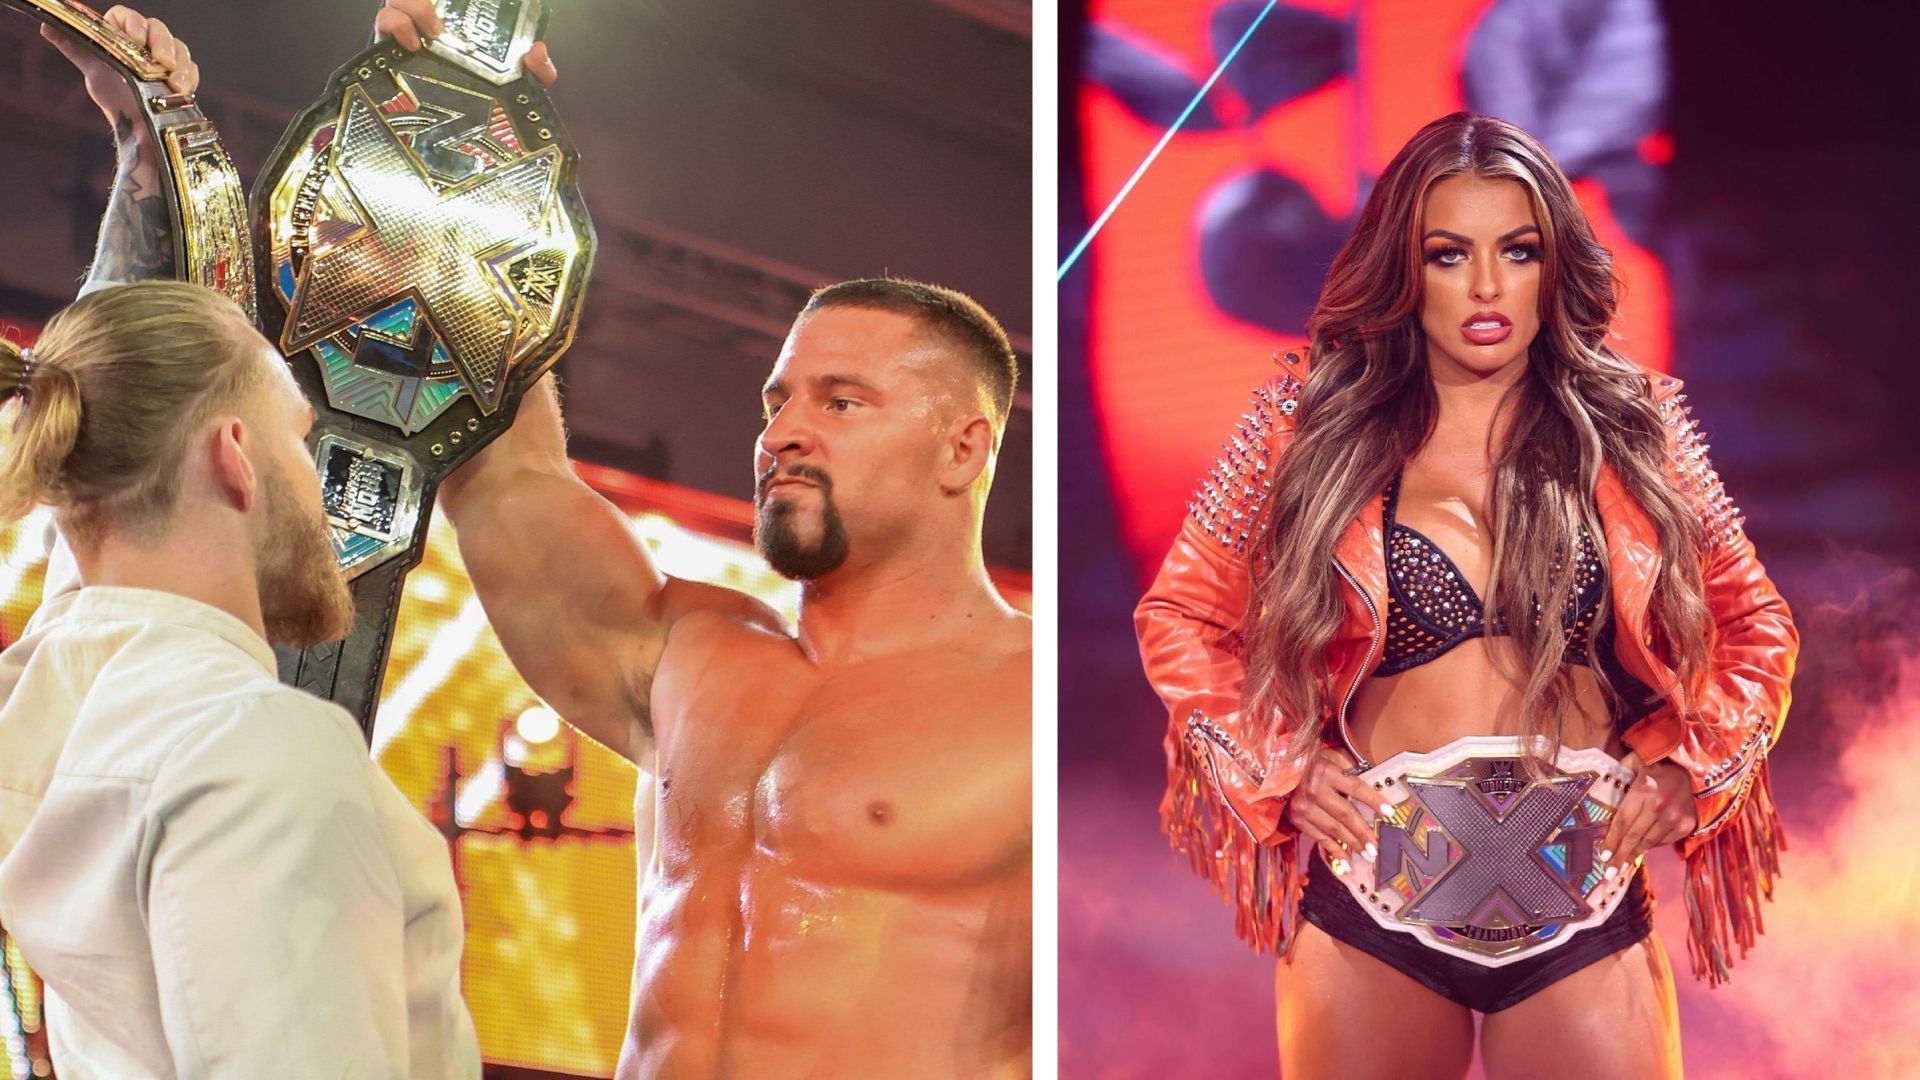 Stars from WWE NXT and NXT UK could potentially square off in a Worlds Collide event
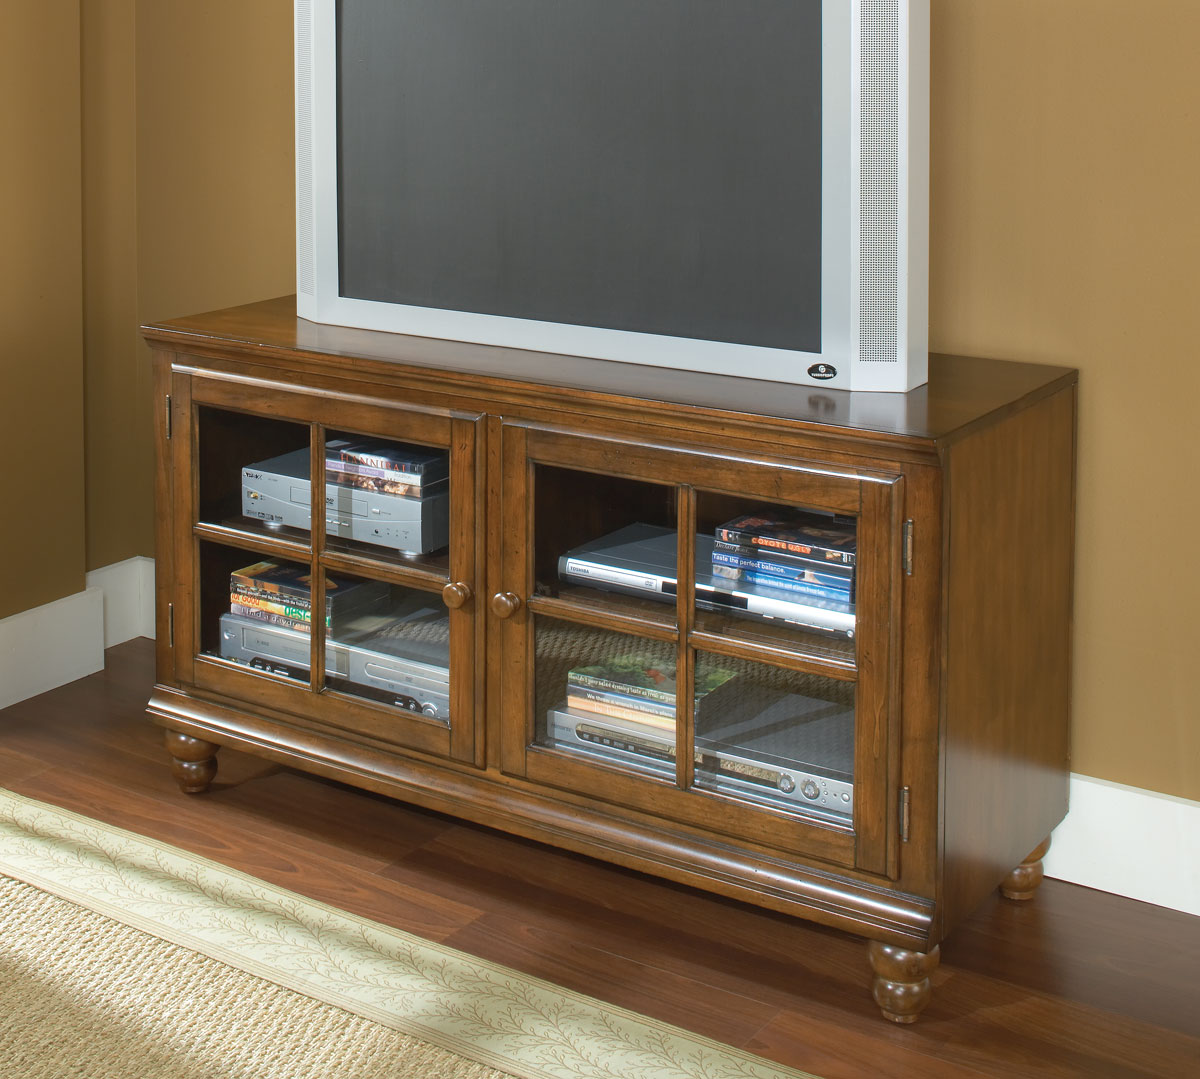 Hillsdale Grand Bay 48in Entertainment Console - Warm Brown
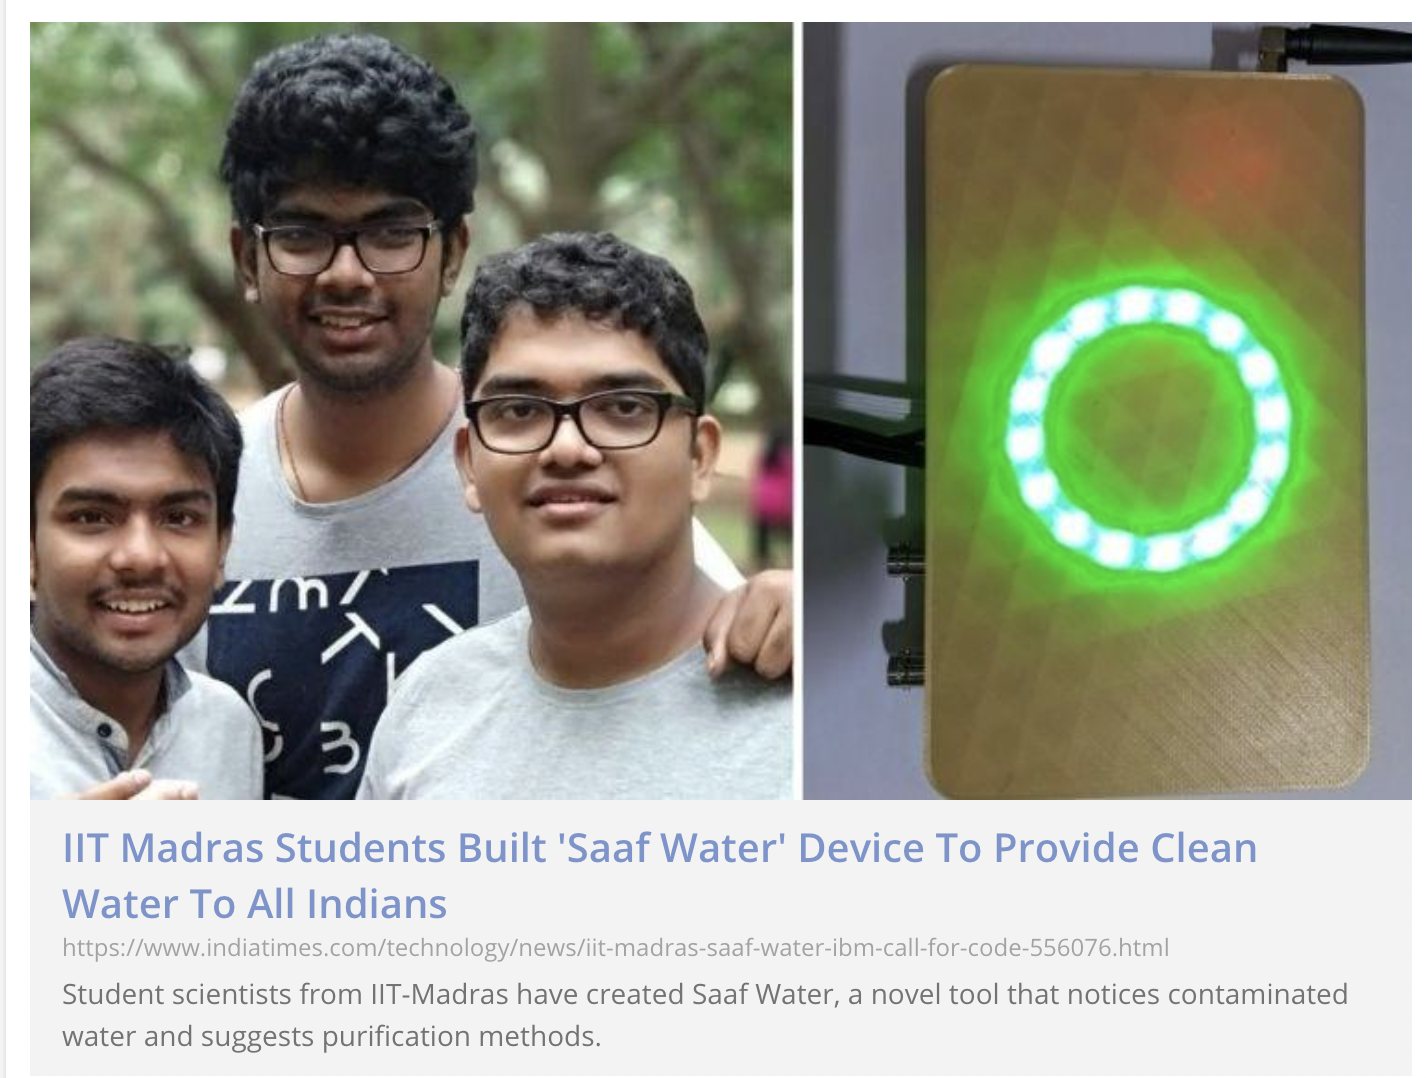 IIT Madras Students Built 'Saaf Water' Device To Provide Clean Water To All Indians inspired by their Mom's illnesshttps://thewaternetwork.com/_...

——————

-- AIM OF THE TASK --
With the pictures left out, transcribe the material exactly.

-- SOLUTION TO THIS PROBLEM --
 Stars from WWE NXT and NXT UK could potentially square off in a Worlds Collide event
 Hillsdale Grand Bay 48in Entertainment Console - Warm Brown
 IIT Madras Students Built 'Saaf Water' Device To Provide Clean Water To All Indians inspired by their Mom's illnesshttps://thewaternetwork.com/_...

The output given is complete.